Monday, October 24, 2005

Together

Five years ago, my entire family found itself together in one place for the last time. There is no sense in romanticizing the family gatherings we had for holidays; they were excruciating. My father was a man who always had something to say. He was vulgar, and if a woman, especially a young one—one of my sisters’ friends or my son’s girlfriend—were at the table, he could not help but make references to sex, scatology, or bodily functions. If it came into his mind, it had to be uttered. One time when he was trying to tell a story he’d told before and no one seemed to be listening to him, he stormed out of the room. We all let him, without protest, and this became one of our stories.

My son, on the contrary, never seemed to say much to me. There seemed always to be something on his mind. At these gatherings, most of our communications involved patting each other on the back. I guess that counts, but I am a man of many words. I had always envisaged profound, ongoing conversations with my son, precisely those I was unable to have with my father. Instead I would exist in a limbo between the silence of one and the drone of the other.

My wife found these gatherings to be nearly unbearable. She cared little for any member of my family, especially my son (not her child), and they returned the sentiments in kind. Fortunately, we lived nearby and had separate cars. Often, she would beg off, and would hardly be missed. I cannot quite judge whether it was better having her around, as a foil, or absent, as one less irritant.

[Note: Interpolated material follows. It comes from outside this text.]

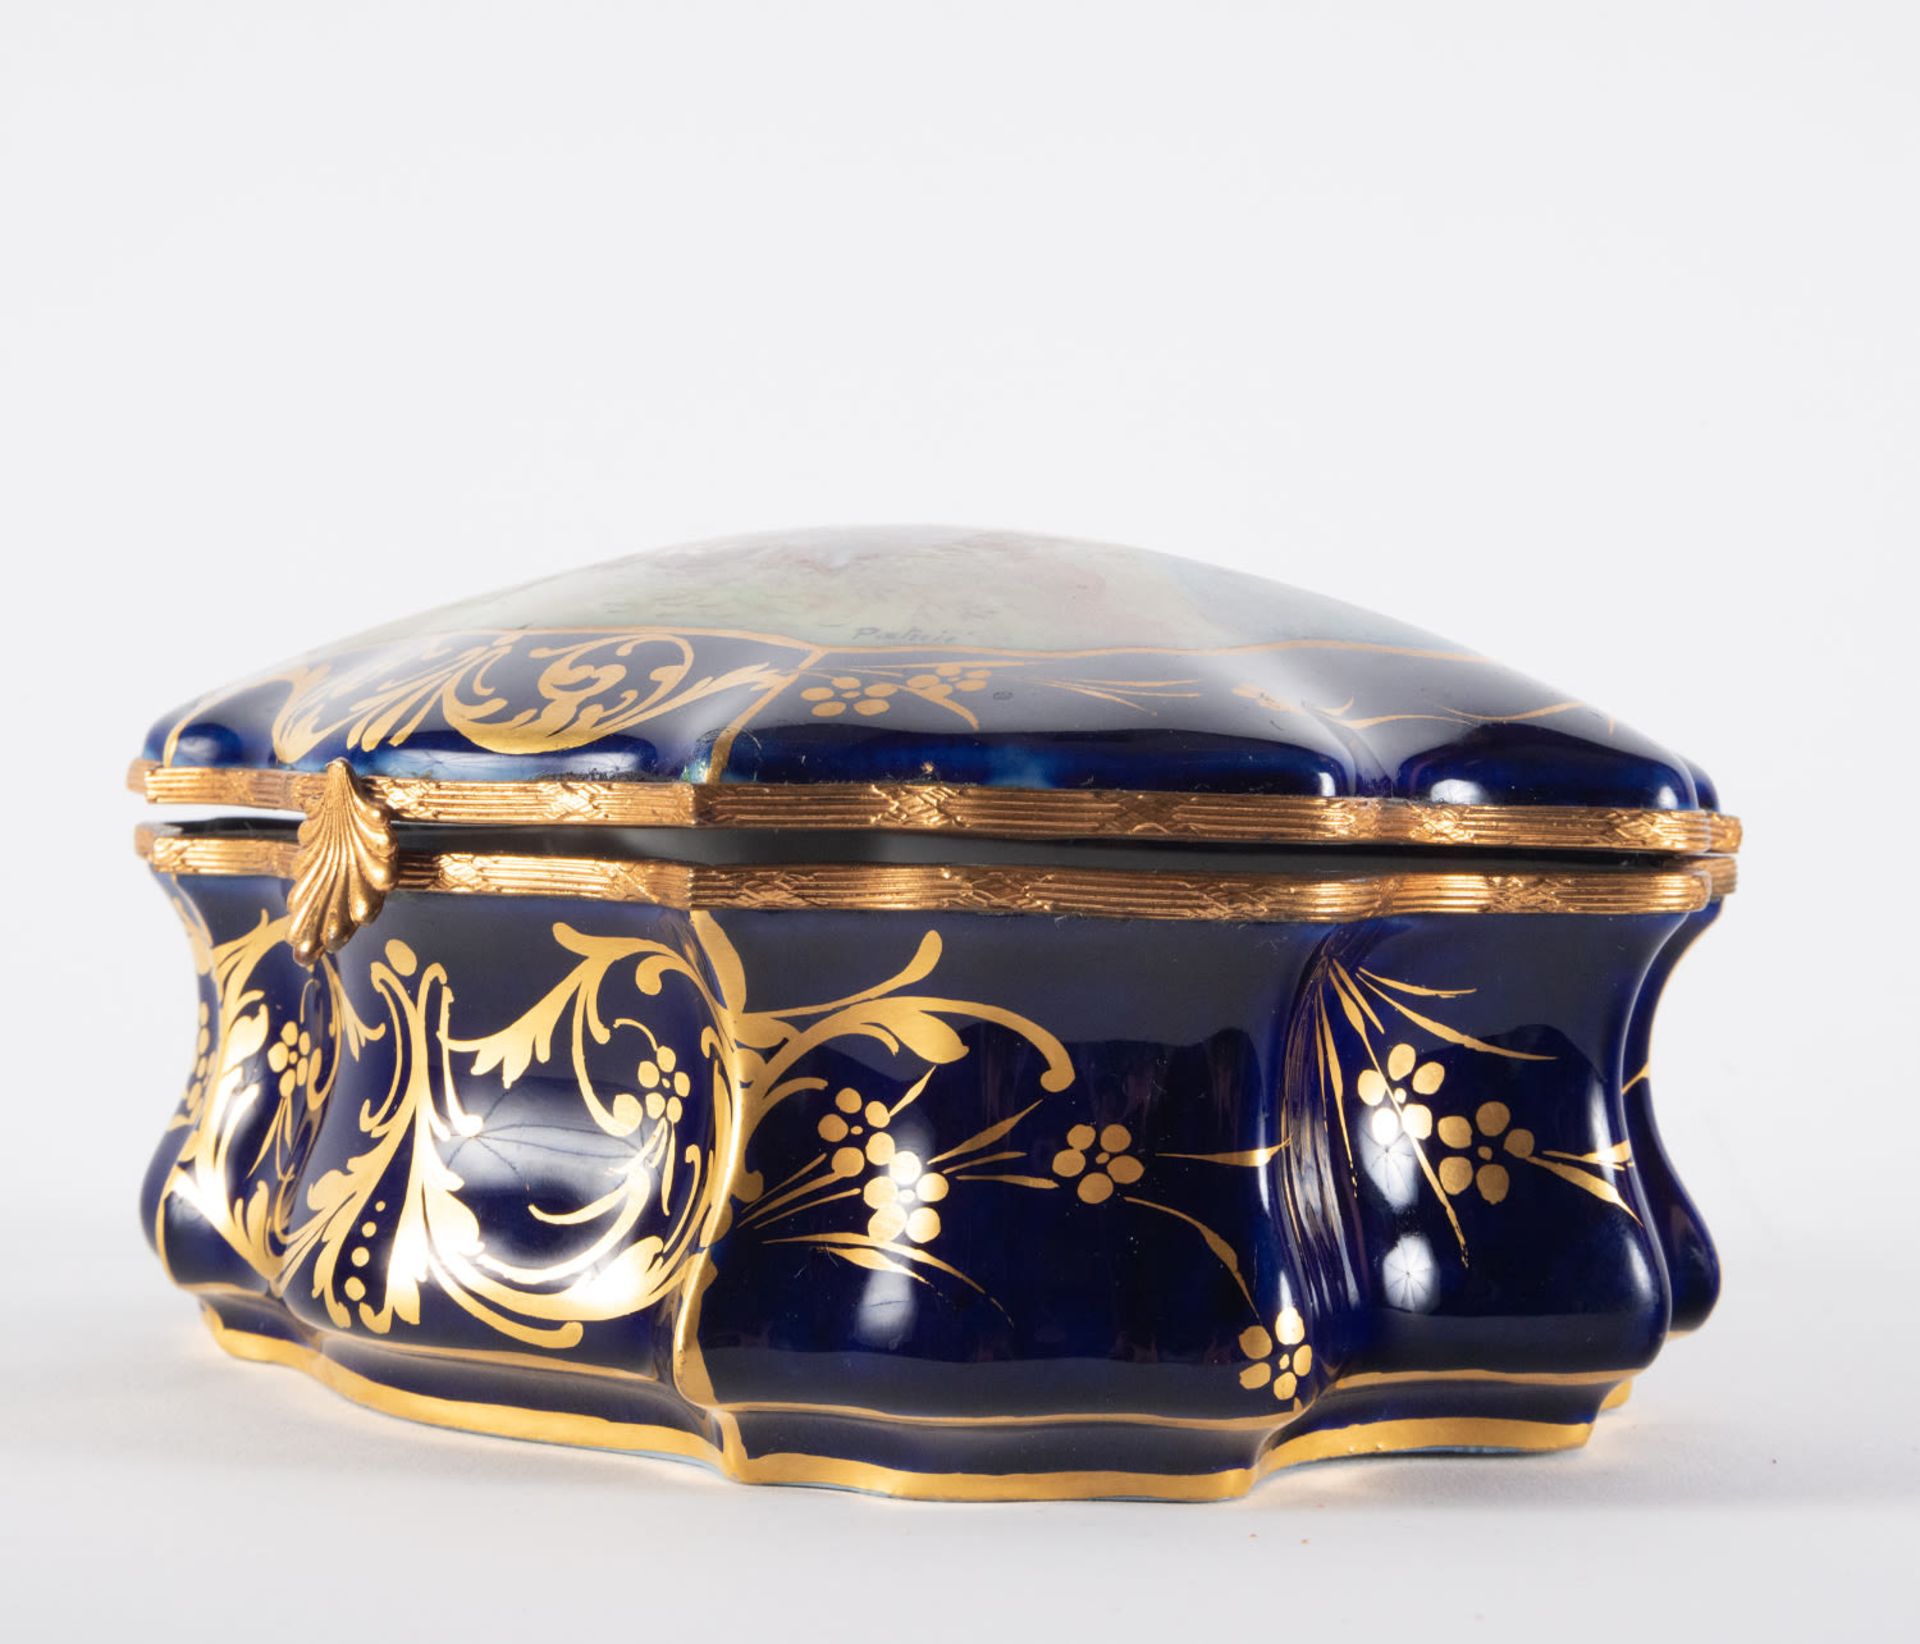 Enamelled Sèvres porcelain jewelry box, 19th century, Chateau de les Etoiles series - Image 4 of 6

My three sisters rarely argued with me, but now and then they would have what I like to call a “frank exchange of views” with each other, or with my mother. Other than the general stress and the difficulty of being in the same house as my father and mother, two things about these family gatherings at my parents’ house were especially disturbing to them. My mother had a way of destroying perfectly good food, usually by overcooking or under-seasoning, always due to a maddening failure to organize and attend. In addition, she kept poor sanitary habits in the kitchen and in the house in general. My sisters were not shy about letting their displeasure with this be known.

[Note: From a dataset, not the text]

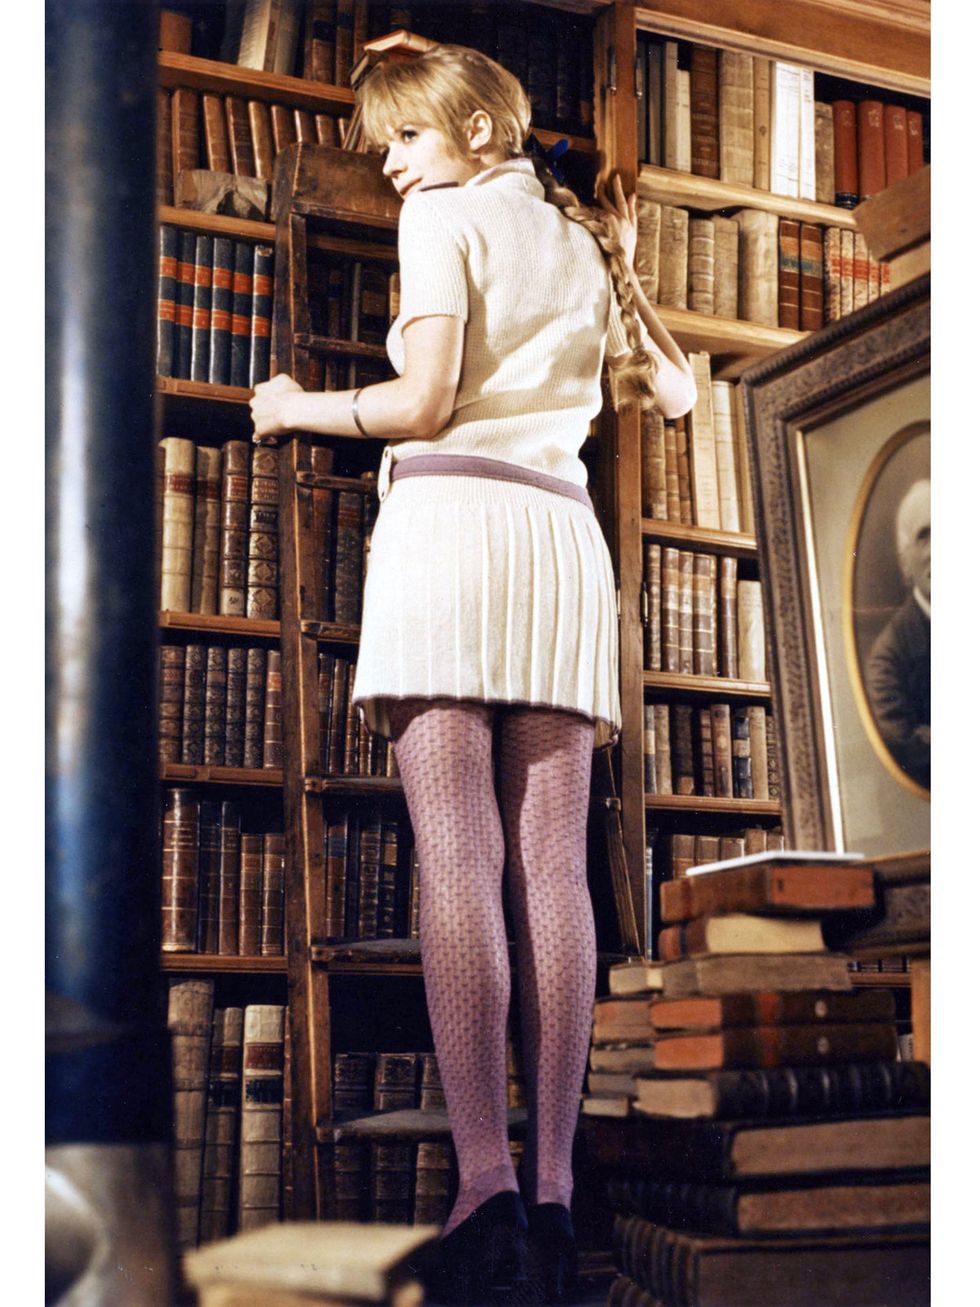 Human leg, Shelf, Shelving, Knee, Bookcase, Waist, Publication, Blond, Calf, Book,

The house itself could cloy on you, suffocate you, make you yearn to flee. Every room would be crammed with books, papers, unread magazines, mismatched furniture. Lamps did not work, or if they did they would droop in the wrong direction. In one drawer would be a dozen locks without keys, in another two-dozen keys without locks. It would have been charitable to have called the pervading odor of that house “stale.” You could never ignore it, and you couldn’t get it out of your lungs when you left. The house was always damp, always dank, which is perhaps the reason I live in the desert now.

I was spurred to write this because I was about to review a culinary book based on the warmth and conviviality of another family’s mealtimes with each other. We hadn’t a shred of that, simply the solid fact that we were together. My father is now dead, my marriage is over, my son lives in Australia, I live two thousand miles away, we finally emptied the house, engineered its sale, and moved my mother to an apartment she can afford. My grief at losing my father has yet to present itself, I am happy no longer to be in a marriage that wasn’t working, I am thrilled that my son has a wonderful wife, career and lifestyle in Australia, and I am ecstatic that the house has finally been liquidated before an oak tree careens into it. I cannot argue with any of these things. Each in itself makes sense. But we were together.

1 Comments:

At Mon Feb 13, 09:30:00 AM 2006, Anonymous Anonymous said...

Sort of like missing a migrane. You're happy it is over, but it left a hole in its absence.